The setting feels authentic and the major characters are three-dimensional and vivid. I found myself telling Bob not to be such a sucker while at the same time understanding the dreadful inevitability of his trajectory so, while not empathising with him, I was treating him as though he were real. Surely that is the hallmark of great writing.
Selected quotes:
- "the feeling ... which the unthinkingly upright citizen cannot help experiencing when face to face with the delinquent ... which is partly curiosity and partly disgust." (Ch 6)
- "Providence has arranged that we may sometimes get what we want but never want what we get." (Ch 9)
- "Having, like most of us, a congenitally decimal mind, he always enjoyed his money most when the sum was exactly divisible by ten." (Ch 9)
- "Bob had been to sea, and his behaviour had been neither eccentric nor snobbish in foreign ports" (Ch 9) It is a very euphemistic way of saying that he had availed himself of the bars and brothels. I love the way that authors had to use euphemisms in those days.

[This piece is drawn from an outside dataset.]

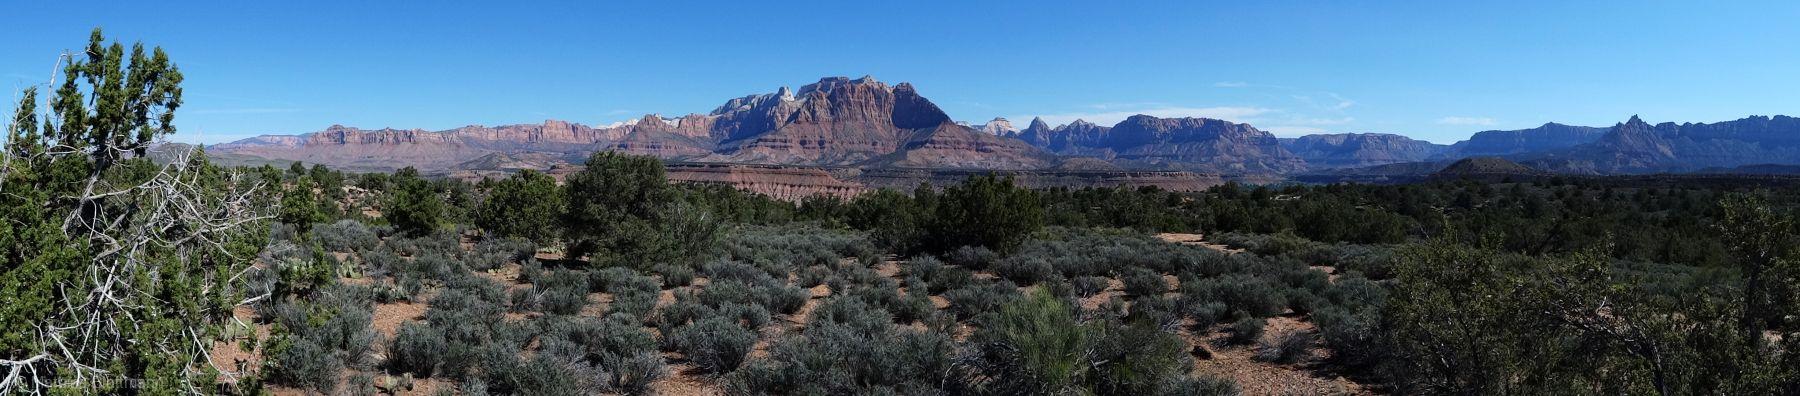 Nature-Park-Panorama

- "He wore an expensive, shapely grey overcoat - rather too shapely; and he had large, handsome features - rather too large and handsome. His eyes were fine and blue. His voice was rich, deep, patrician - authentically beautiful. With all this there was an elusive shabbiness and meretriciousness about the man. In a word - an actor." (Ch 14)
- "God did not strike Prunella dead. (He never does this.) So Bob supposed she was speaking the truth. It also occurred to him that God, by diverse methods, had probably stricken Prunella enough already." (Ch 40)
- "The awful belligerence of the poor was to be heard." (Ch 42)
- "'Cooshay avec ma sirswar!' said Jenny. 'That's French! ... It means 'Where are you goin', deary?' 'No,' said Bob, 'not literally'." (Ch 43) I first heard the phrase 'voulez vous coucher avec moi, ce soir' on 'Lady Marmalade' the 1974 hit for LaBelle. I hadn't realised it was extant so much earlier! The Midnight Bell was published in 1929.
- "The glazed blue eyes of a carefree kleptomaniac." (Ch 44)
This book is the first in a trilogy called Twenty Thousand Streets Under The Sky. It is followed by The Siege of Pleasure, and The Plains of Cement.